Various Artists, "God Don't Never Change — The Songs of Blind Willie Johnson" (Alligator Records)
Tom Waits and Lucinda Williams contribute two songs each to "God Don't Never Change — The Songs of Blind Willie Johnson," a stirring homage to the Texas gospel singer who last recorded in 1930.
Johnson sang only religious songs among the 30 sides that survive him, but his slide guitar and resonant vocals motivated rockers from Eric Clapton to the Grateful Dead.
The versions here preserve his deep spirituality, with the Cowboy Junkies, Sinead O'Connor, the Blind Boys of Alabama and Maria McKee also among those ably keeping the faith.

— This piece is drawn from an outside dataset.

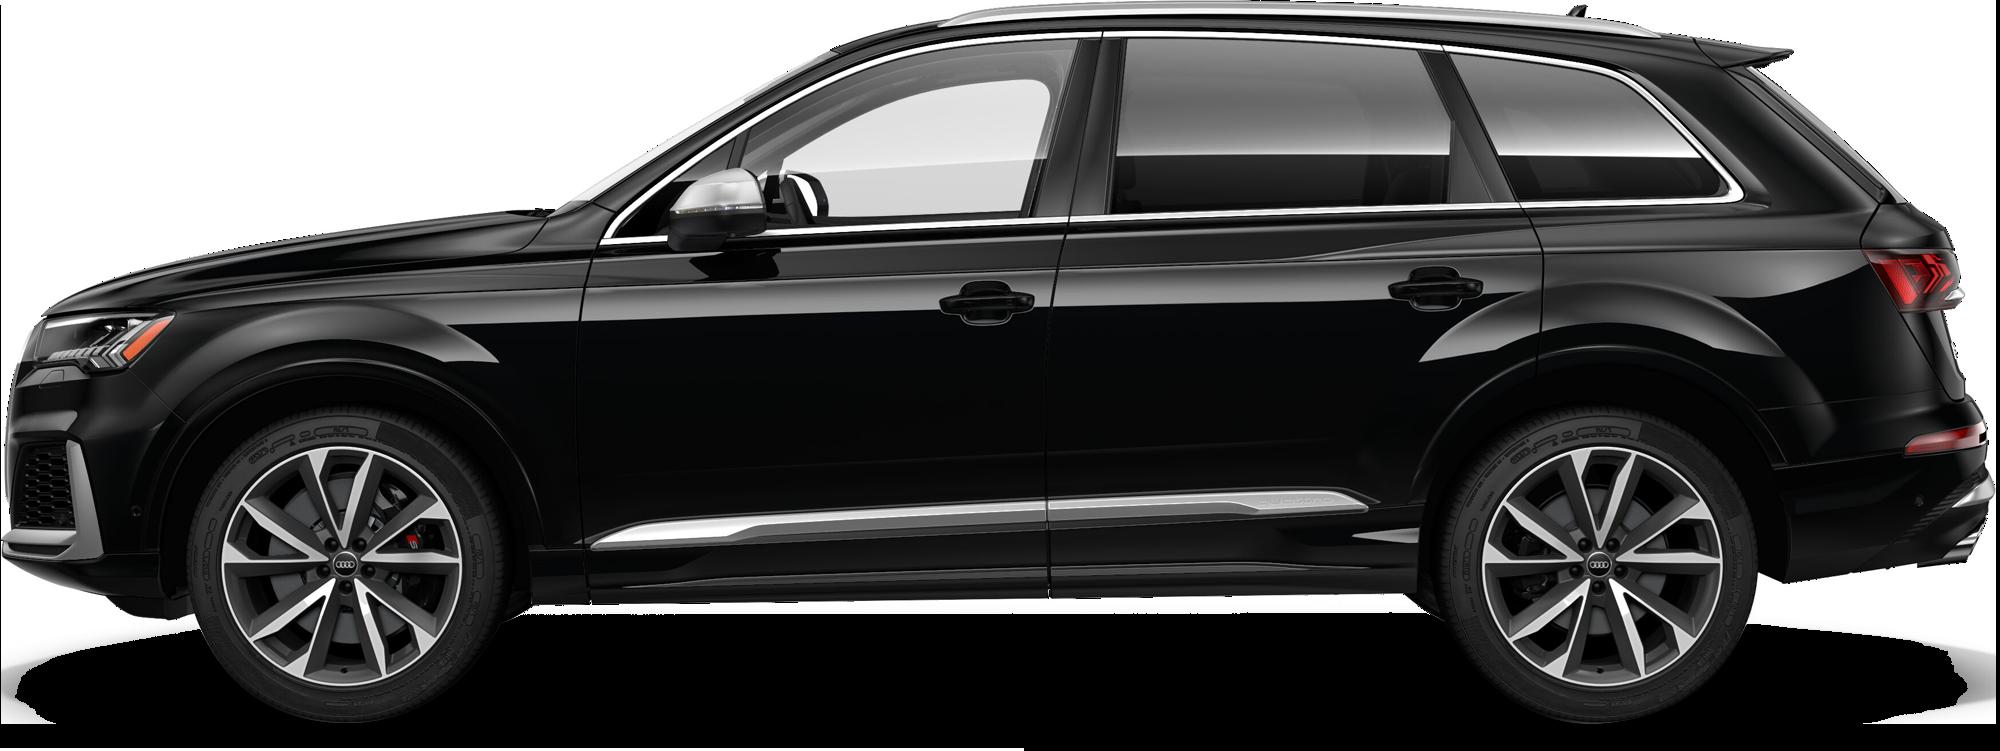 2020 Audi SQ7 SUV 4.0T

Waits is intense but relatively subdued on "The Soul of a Man," the opener which draws the listener closer to his grasp. When he returns eight songs later with "John the Revelator," he forcefully provides both call and response, leaving no room for faintheartedness. That he relies on Son House's version of the lyrics instead of Johnson's seems fitting in a tribute to a man about whom so little is known.
Johnson, whose voice could veer from a warm tenor to a false, growling bass, even leads the chorus of the Cowboy Junkies' take on "Jesus Is Coming Soon" via a well-adapted sample, the group seamlessly bridging the nearly 90 years between the two recordings.
Producer Jeffrey Gaskill's able guidance has resulted in 11 stirring renditions which replicate the soul of the songs not just the sounds.